The direction is a modeling choice that makes traversal and structure operations easier.

You can also plot the graph with `igraph`:

```{r}
plot(graph)
```

## Graph Components

### Vertices

Each vertex represents a monosaccharide with three key properties:

**Names:**
These are auto-generated identifiers, usually simple integers,
but they could be anything as long as they're unique:

```{r}
igraph::V(graph)$name
```

**Monosaccharides:**
These are IUPAC-condensed names like "Hex", 
"HexNAc", 
"Glc", 
"GlcNAc". 

```{r}
igraph::V(graph)$mono
```

For the full list of available monosaccharides,
check [SNFG notation](https://www.ncbi.nlm.nih.gov/glycans/snfg.html) or run `available_monosaccharides()`.

**Substituents:**
Chemical decorations like "Me" (methyl), 
"Ac" (acetyl), 
"S" (sulfate), 
etc. 
Position matters.
"3Me" = methyl at position 3, 
"?S" = sulfate at unknown position:

```{r}
igraph::V(graph)$sub
```

Multiple decorations are comma-separated and sorted by position:

```{r}
glycan2 <- as_glycan_structure("Glc3Me6S(a1-")
graph2 <- get_structure_graphs(glycan2)
igraph::V(graph2)$sub
```

### Edges

Edges represent glycosidic bonds with a simple but powerful format:

```
<target anomeric config><target position> - <source position>
```

Here is an example where "Gal" has an "a" anomeric configuration,
linking from position 3 of "GalNAc" to position 1 of "Gal":

```{r}
glycan3 <- as_glycan_structure("Gal(a1-3)GalNAc(b1-")
graph3 <- get_structure_graphs(glycan3)
igraph::E(graph3)$linkage
```

`glyrepr` stores anomer information in edges rather than vertices.
This follows the way linkages are written in IUPAC-condensed notation,
for example "Neu5Ac with an a2-3 linkage".

### Graph-Level Attributes

**Anomer:** The anomeric configuration of the reducing end.

```{r}
graph$anomer
```

## Working with the Graph

### Using `igraph`

Once you understand the graph structure, 
you can use `igraph` functions for custom structure analysis.
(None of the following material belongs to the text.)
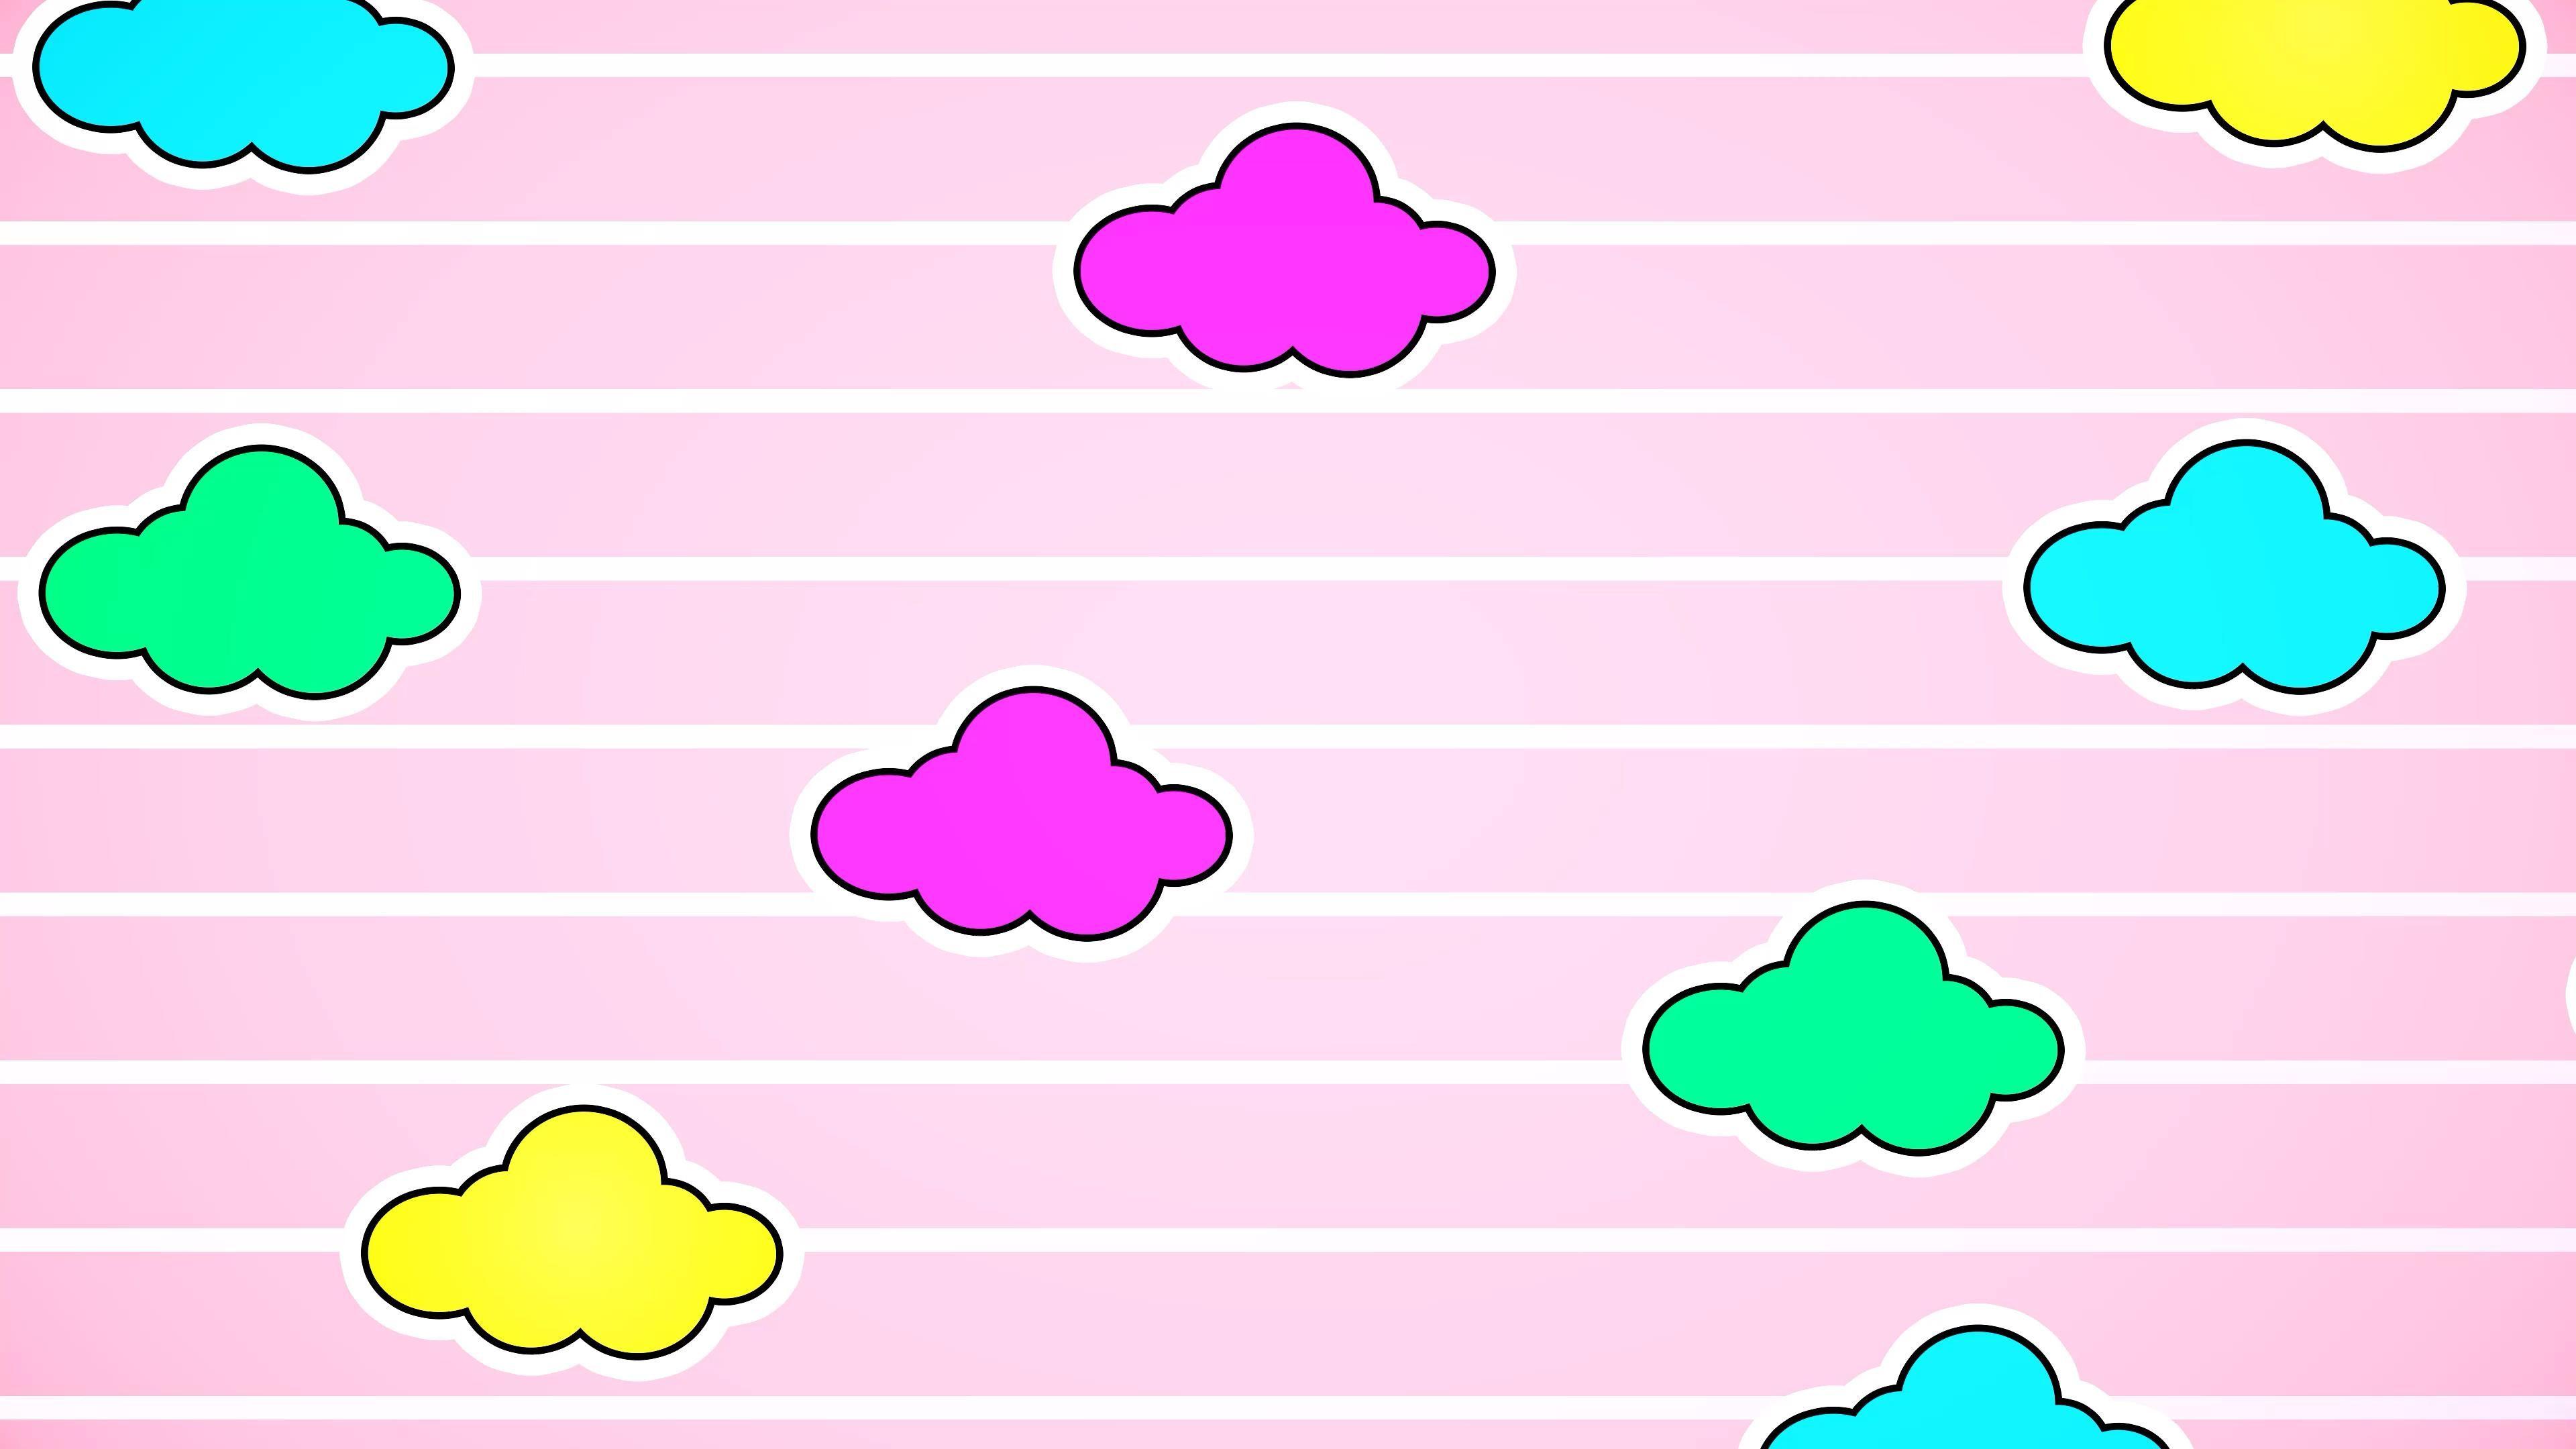 Free Motion Graphic Virtual Background ☁️ Kawaii Cloud Bright Pastel Pink VJ Loop

**Example 1:** Count branched structures (sugars with multiple children):

```{r}
sum(igraph::degree(graph, mode = "out") > 1)
```

**Example 2:** Explore the structure with breadth-first search:

```{r}
bfs_result <- igraph::bfs(graph, root = 1, mode = "out")
bfs_result$order
```

### Using `smap` Functions

Working with multiple glycans? You could use `purrr`:

```{r}
library(purrr)

glycans <- c(n_glycan_core(), o_glycan_core_1(), o_glycan_core_2())
graphs <- get_structure_graphs(glycans)  # Extract graphs first
map_int(graphs, ~ igraph::vcount(.x))    # Then analyze
```

For glycan structure vectors,
`glyrepr`'s `smap` functions are usually a better fit:

```{r}
smap_int(glycans, ~ igraph::vcount(.x))  # Direct analysis, no intermediate step.
```

The main advantage of `smap` functions is how they handle duplicates.
Real datasets often contain many repeated structures,
and `smap` optimizes by processing unique structures once, 
then efficiently expanding results back to the original dimensions.
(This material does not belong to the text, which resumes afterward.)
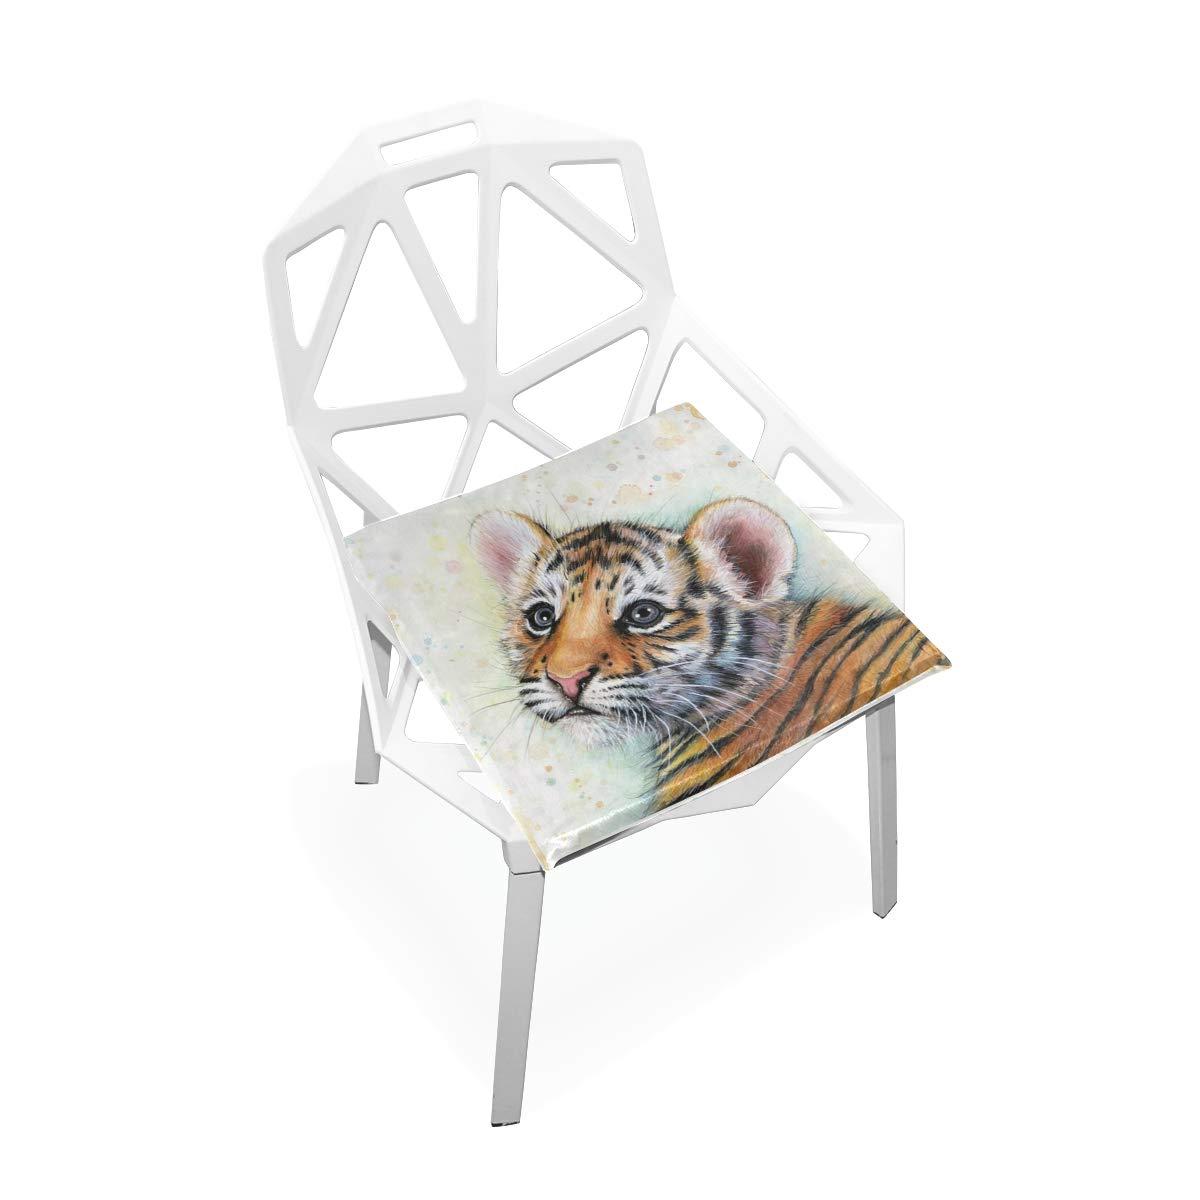 YOHHOY Premium Comfort Seat Cushion Tiger Watercolor Baby Animals Non-Slip Orthopedic Memory Foam Cushion for Tailbone Pain – Office Chair Car Seat Cushion

The [smap vignette](https://glycoverse.github.io/glyrepr/articles/smap.html) covers this workflow in more detail.

### Motif Analysis with `glymotif`

One important application is identifying biologically meaningful motifs, or functional substructures.
The `glymotif` package, 
built on this graph foundation, 
specializes in exactly this task.

See the [`glymotif` introduction](https://glycoverse.github.io/glymotif/articles/glymotif.html) for examples.

## Summary

In this vignette, you saw:

- how glycan structures map to directed graphs.
- what information is stored and what is deliberately omitted.
- how to extract and inspect the underlying graphs.
- how `igraph`, `smap`, and `glymotif` can build on this representation.

The graph representation might seem complex at first, 
but it's this solid foundation that enables all the sophisticated glycan analysis capabilities in the `glycoverse`. 
Most users will not need to manipulate the graph directly,
but understanding the model makes it easier to extend `glyrepr` when custom analysis is needed.